As the largest cells in the human body, eggs are very difficult to freeze. Their spherical shape, high water content, and low surface area to volume ratio make eggs especially difficult to permeate with cryoprotectants and prone to intracellular ice crystal formation.[25] Eggs are susceptible to meiotic spindle and lipid membrane damage, hardening of the zona pellucida, and depolymerization of microtubules.[25] For years the slow-freezing technique used for embryos was used for eggs, but with little success. In 2004, when changes to Italian reproduction laws made it illegal to freeze embryos, the need to cryopreserve supernumerary eggs[4] sparked the development of a new, more efficient flash-freezing method called vitrification.[25,26] This technique uses ultra-rapid cooling rates and high concentrations of cryoprotectants. There is now a growing body of evidence that IVF outcomes with vitrified eggs are the same as those with fresh eggs.[6,27-29]

How well does egg freezing work?
Most of the evidence on egg freezing comes from research in countries where remuneration for human gametes is legal, such as the US and Spain.[5] In order to ease the logistical burden of anonymous egg donation in synchronous IVF cycles, fertility clinics will often bank frozen eggs from donors and subsequently distribute them to recipients for warming and fertilization at a more convenient time. In a review of 3610 donor egg warming procedures, the vitrified egg survival rate was 90.4% and the oocyte-to-baby rate was 6.5%.[30] Since these eggs came from donors who were typically in their 20s and selected for a good prognosis, it may be too optimistic to extrapolate these findings to social egg freezing. Given that the widespread utilization of vitrification and the nonexperimental use of egg freezing have increased only recently, long-term outcome data from large trials of social egg freezing are still forthcoming.

In 2016, reports were published for two studies that examined large numbers of elective egg freezing cycles. The first study, by Cobo and colleagues,[27] included 1468 women who underwent social egg freezing. The researchers found that 137 of these subjects (9.3%) had returned to use their eggs, that the average age of those returning was 37.7 years, and that the overall egg survival rate was 85.2%. For women who were 35 or younger at the time of egg freezing and who banked 10 eggs, the average live birth rate when 10 eggs were used was an impressive 60.5% (95% CI, 34.5-89.5%). In the group of women 36 or older, the same 10 eggs yielded a significantly lower live birth rate of 29.7% (95% CI, 15.2%-34.2%).[27] The second study, by Doyle and colleagues,[28] reported on 1283 vitrified eggs from 128 autologous IVF cycles. The researchers found an egg-to-live-birth efficiency rate of 6.4% for these autologous cycles, which was very similar to the rate of 6.5% reported previously for donor cycles.[30] When they compared the performance of autologous frozen eggs to fresh eggs in IVF cycles, the overall live birth rate was reassuringly similar (39% versus 35%).[28] To put these figures in perspective, it helps to consider what success rate a woman of a given age could expect if she were to pursue an IVF pregnancy today rather than freezing her eggs. Aggregate data from 31 IVF clinics across Canada in 2014 found the following average clinical pregnancy rates for each age group: younger than 35 years = 48.7%, 35 to 37 = 43.5%, 38 to 40 = 34.3%, 41 to 42 = 20.5%, 43 or older = 14.4%.[31] This means that for women younger than 36, social egg freezing appears to be at least as good as the national IVF averages. Given that social egg freezing is relatively new, the vast majority of eggs retrieved for elective freezing so far are presently in cryostorage. At our centre, two patients have returned to use their eggs, both of whom have ongoing pregnancies at the time of publication.

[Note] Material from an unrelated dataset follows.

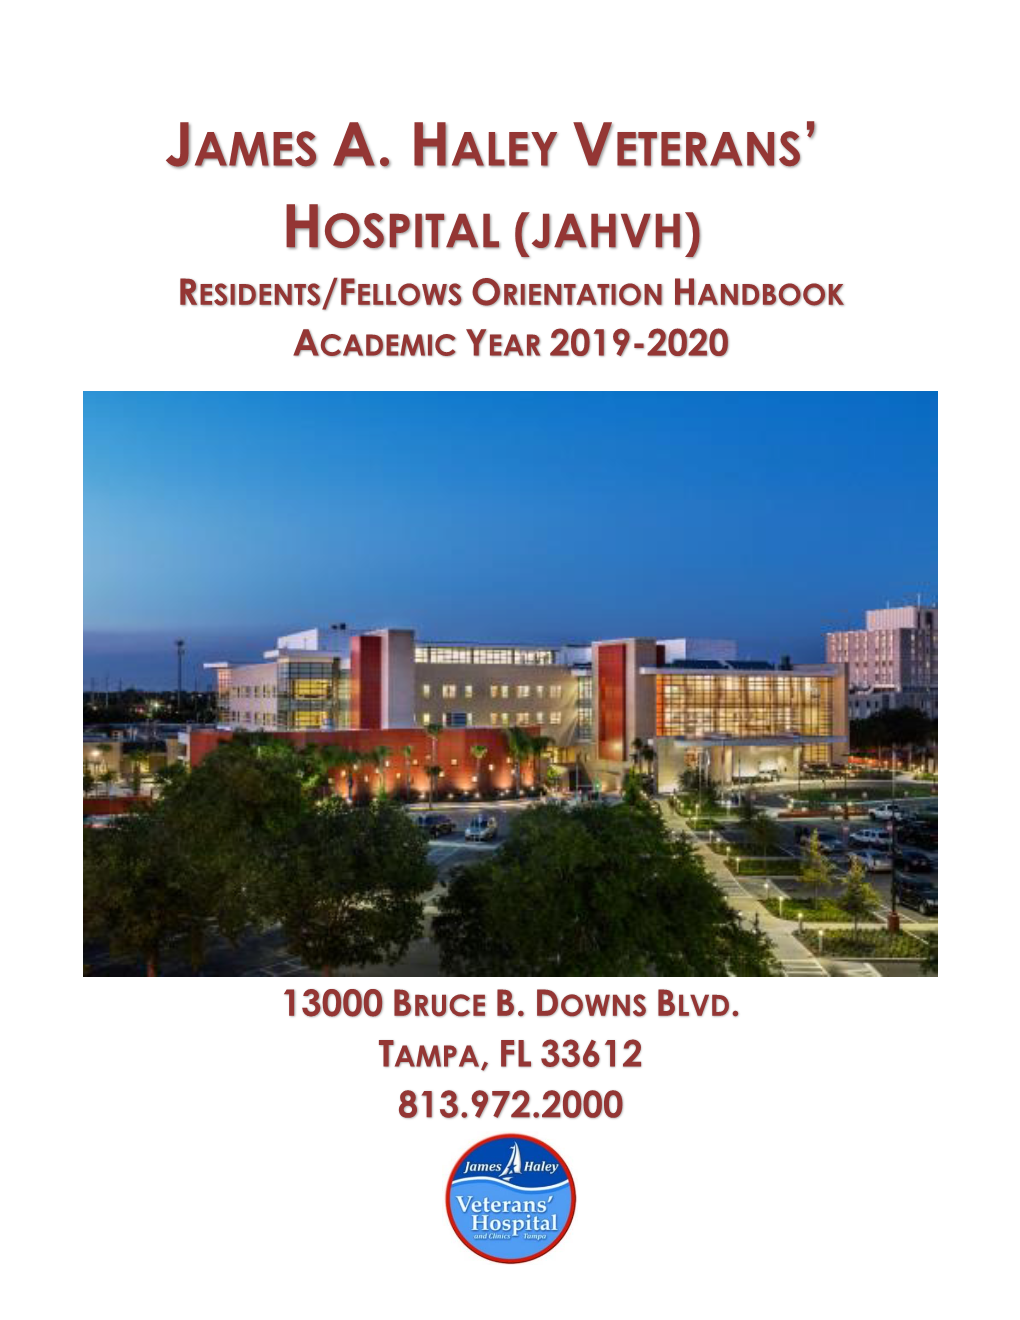 Since 1972, James A. Haley Veterans' Hospital (JAHVH) Has Been Improving

Egg vitrification is gaining acceptance with the improving efficiency of our freezing techniques.[5,9] The best chance for a future pregnancy appears to result from freezing at least 8 to 10 eggs before age 36.[27] In Canada, the average cost of an egg freezing cycle, including procedures and medication, ranges from $7000 to $10 000 and annual storage fees range from $200 to $400. To determine the most cost-effective approach, a US study developed a decision-tree model that looked at the cost of egg freezing compared with taking no action between age 25 and 40 and assuming an attempt at procreation was made 3, 5, or 7 years after the initial decision.[14] The researchers weighed the chances of spontaneous pregnancy against the chances of success with IVF using frozen eggs in various age groups. They concluded that although the highest probability of live birth was achieved when egg freezing was performed before age 34 (greater than 74%), egg freezing was most cost effective at age 37.[14]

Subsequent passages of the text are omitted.